Sur la première partie de l’album, les accompagnements reproduisent les sonorités qui avaient fait le raffinement du groupe qui entourait Leonard Cohen sur scène de 2008 à 2013. Cordes et cuivres remplacent avantageusement le synthétiseur dont Cohen avait eu la fâcheuse tendance à abuser, en particulier dans cette suite acclamée allant de Various Positions en 1984 à Ten New Songs en 2001. Des réminiscences de la magnifique « Ballad of The Absent Mare » (Recent Songs, 1979) affleurent carrément à l’écoute du morceau délicat qui donne son titre à l’album. Puis les chansons composant la face B du disque au format vinyle entraînent dans une atmosphère plus sombre, tantôt hautement envoûtante (« It’s torn », une grande réussite de l’album) tantôt excessivement grandiloquente (« The Hills »). Ce glissement stylistique immédiatement perceptible accompagne aussi une progression thématique.
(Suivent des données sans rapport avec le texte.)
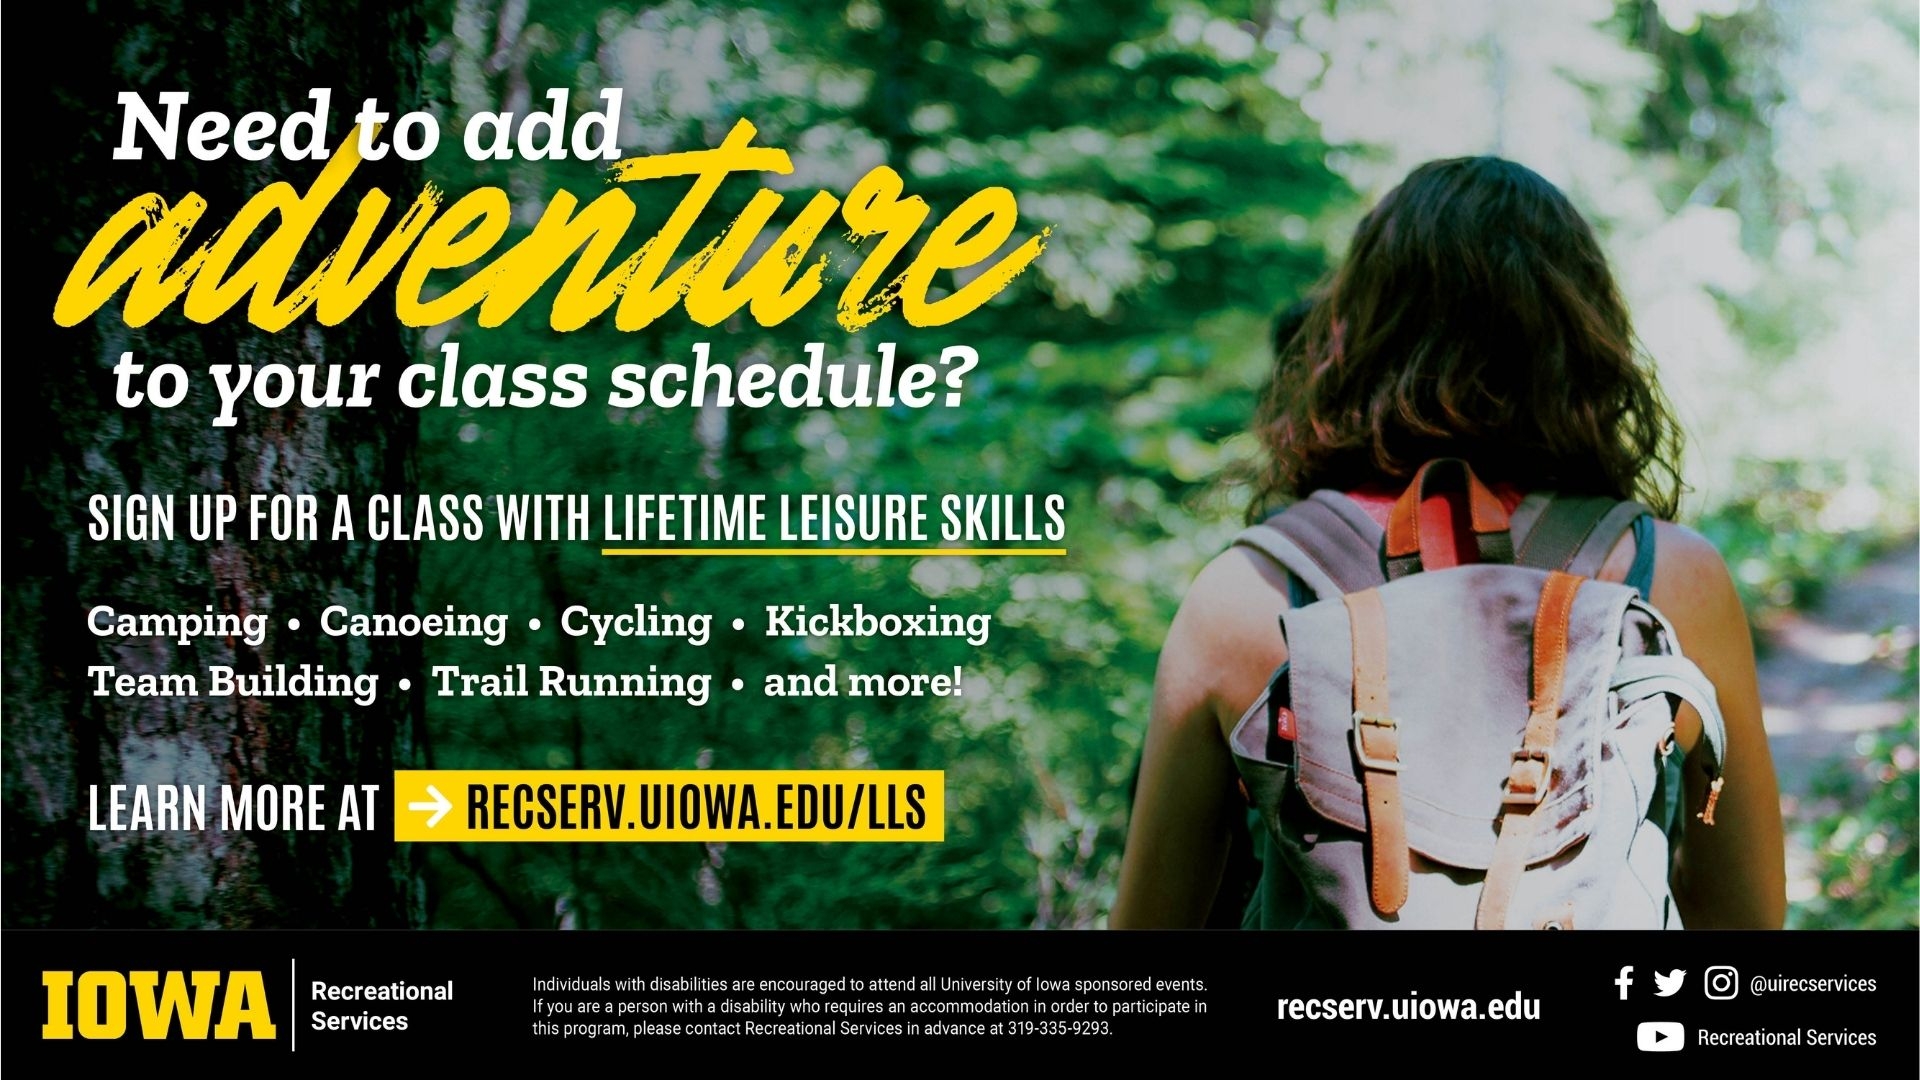 Need to add adventure to your class schedule? Sign up for a class with Lifetime Leisure Skills. Camping, Canoeing, Cycling, Kickboxing, Team Building, Trail Running, and more! Learn more at: recserv.uiowa.edu/lls
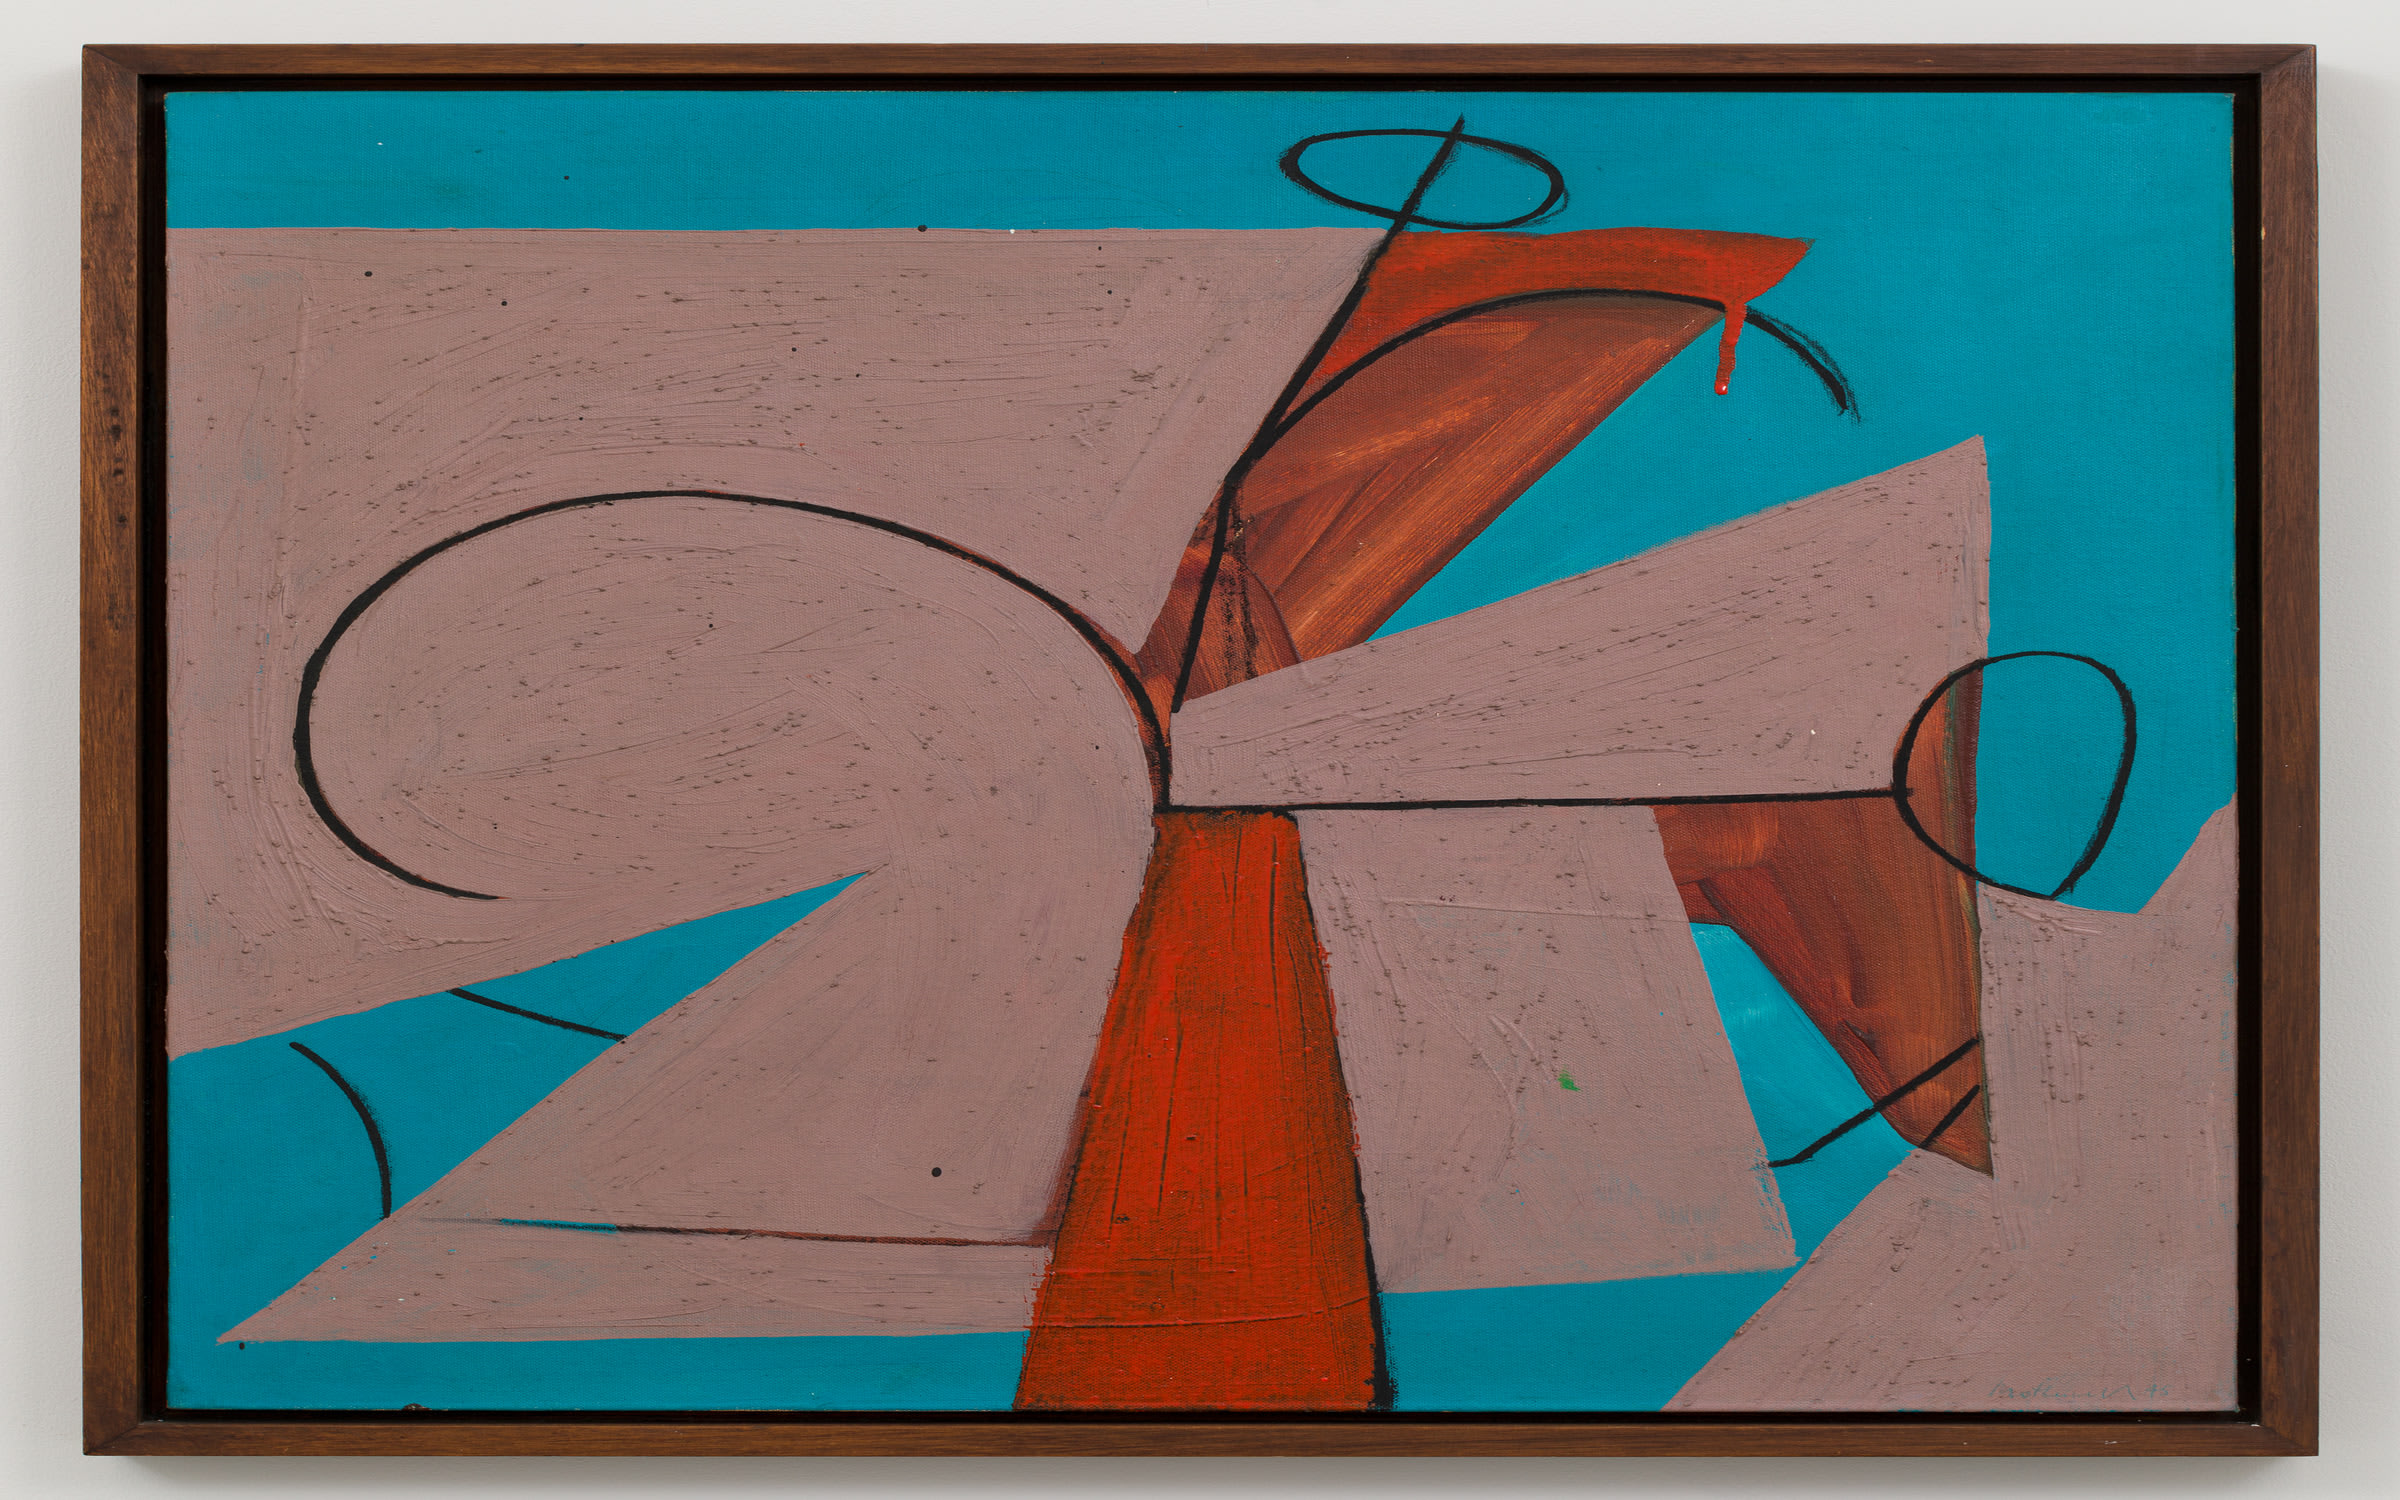 Robert Motherwell, Abstraction on Turquoise, 1945. Courtesy of the artist's estate and Kasmin.

Cohen révèle encore une fois ses deux facettes : celle d’un être profondément pieux, fasciné par la décadence et le mystère de la mort et celle d’un séducteur qui s’enivra de l’existence. « Meeting Christ and reading Marx », chante-t-il d’ailleurs… Jusqu’au bout, il aura célébré l’amour des femmes. « Moving on », amère, comme « The Night of Santiago », enlevée, sont deux nouvelles perles galantes à ajouter au trésor cohenien. Mais jusqu’à la fin aussi, il aura été fataliste (« German puppets burned the Jews / Jewish puppets did not chose […] Puppet winds and pupper waves / Puppet sailors in their graves » martèle-t-il). L’au-delà qu’il avait tant sondé a fini par le happer, non sans avoir connu les affres de la vieillesse. Il n’est pas excessif de dire que « The Goal », qui conte en quelques vers la réclusion, antichambre du caveau, est l’un de ses plus beaux textes existentiels.

Œuvre rare
Thanks for the music n’est que le quinzième album studio de Leonard Cohen depuis 1967. C’est dire que l’œuvre paraît aussi parcimonieuse que précieuse. Un homme dont le moindre poème devait mûrir pendant des mois voire des années n’a pas laissé derrière lui ces mannes d’enregistrements inédites qui permettent à un Bob Dylan, toujours bon pied bon œil, d’offrir des CDs entiers d’inédits (les fameux Bootleg series). Il n’est pas même acquis que Songs for Rebecca, ce projet abandonné en 1975 mais dont les bandes ont été conservées fasse un jour l’objet d’une sortie officielle.
Il n’y aura pas d’autre album posthume, c’est pourquoi Thanks for the music tombe comme une faveur inespérée. Au terme du voyage, avec « Listen to the hummingbird », morceau court et rudimentaire, proche d’une démo à l’état brut, Leonard Cohen éteint définitivement la lumière derrière lui : « Listen to the mind of God… Don’t listen to me… ».